**Required work:** Without the images, repeat every line of the listing verbatim.

**Collected data:**
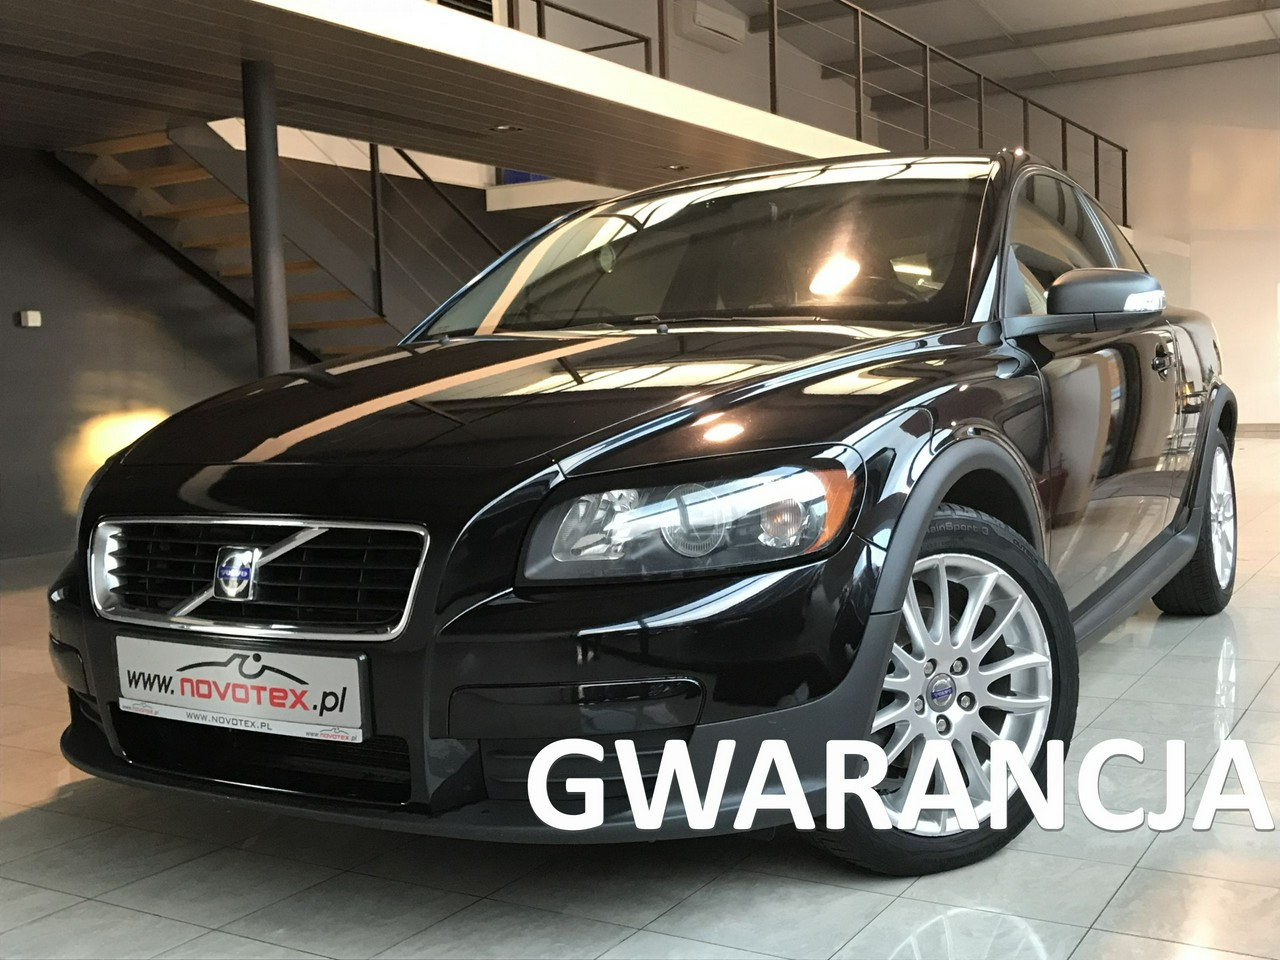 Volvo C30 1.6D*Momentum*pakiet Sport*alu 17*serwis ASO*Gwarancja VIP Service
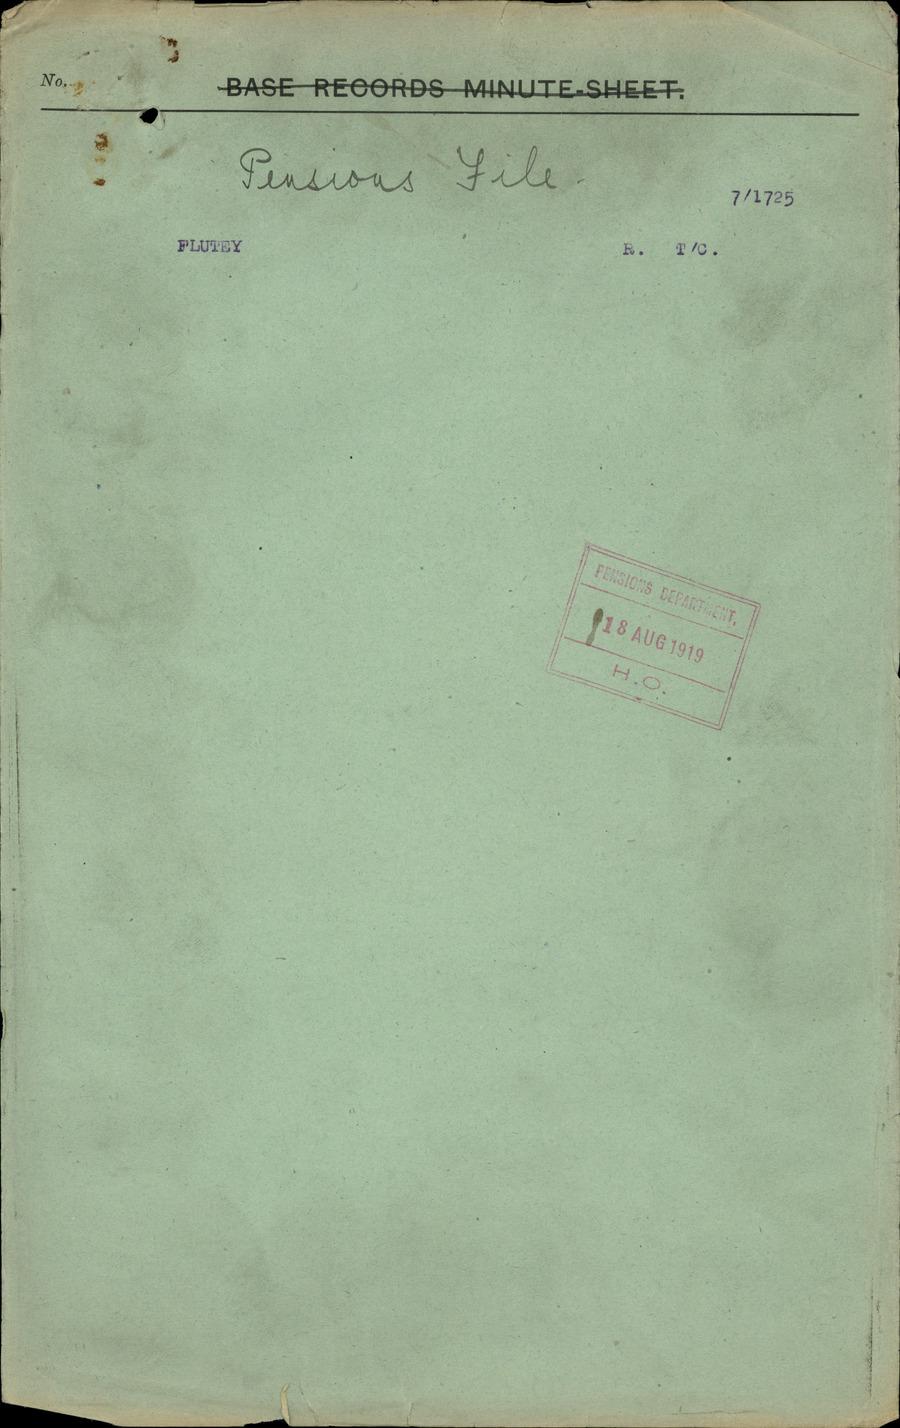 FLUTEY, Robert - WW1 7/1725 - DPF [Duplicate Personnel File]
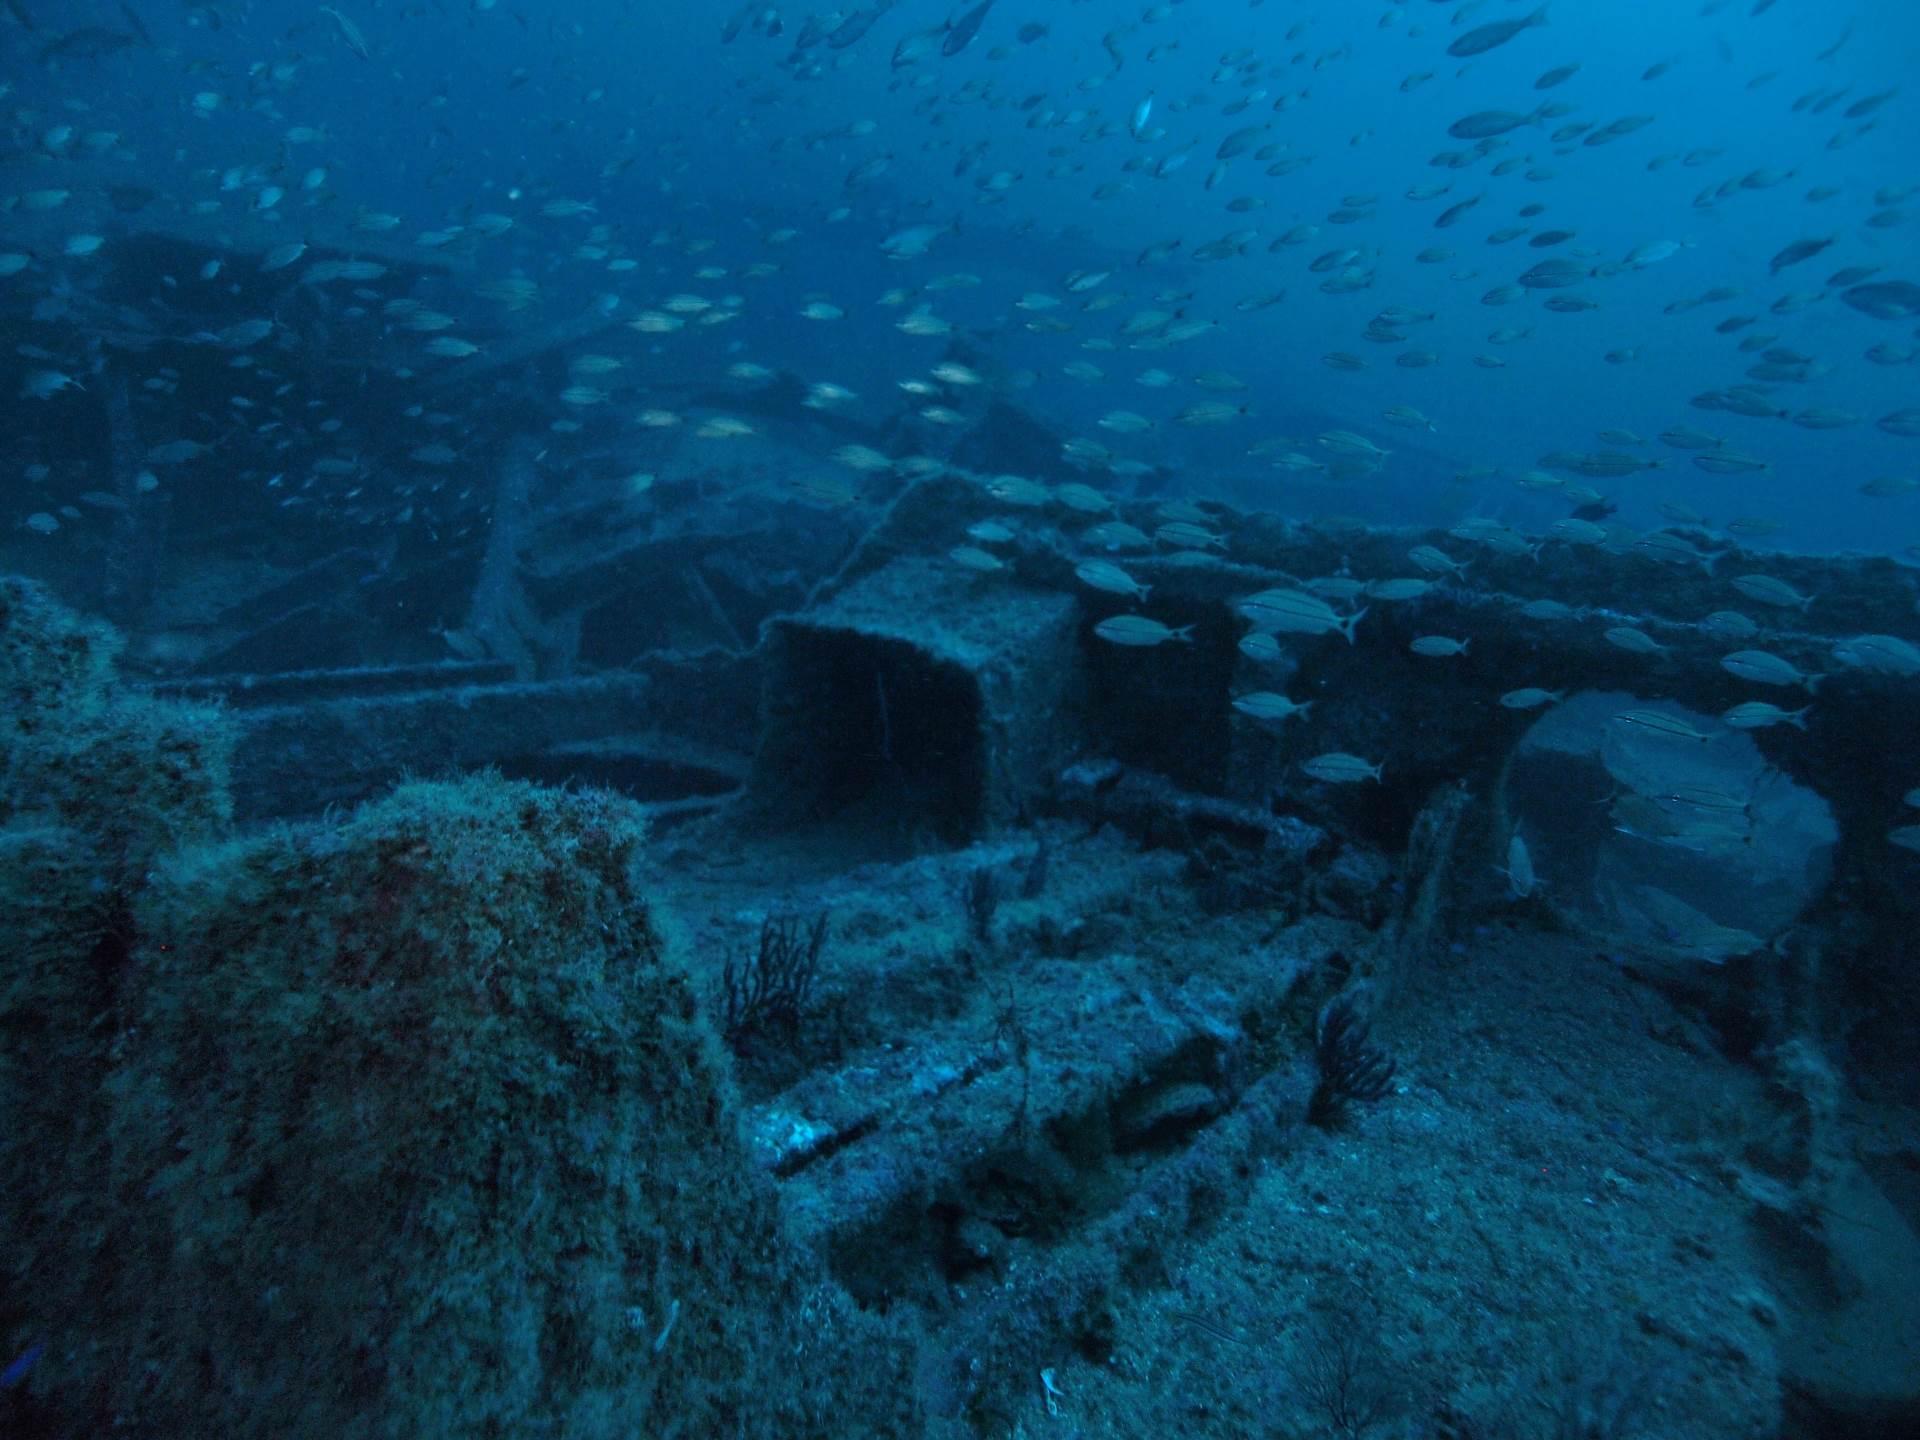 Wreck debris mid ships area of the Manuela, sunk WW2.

**Answer to this problem:**
 Volvo C30 1.6D*Momentum*pakiet Sport*alu 17*serwis ASO*Gwarancja VIP Service
 FLUTEY, Robert - WW1 7/1725 - DPF [Duplicate Personnel File]
 Wreck debris mid ships area of the Manuela, sunk WW2.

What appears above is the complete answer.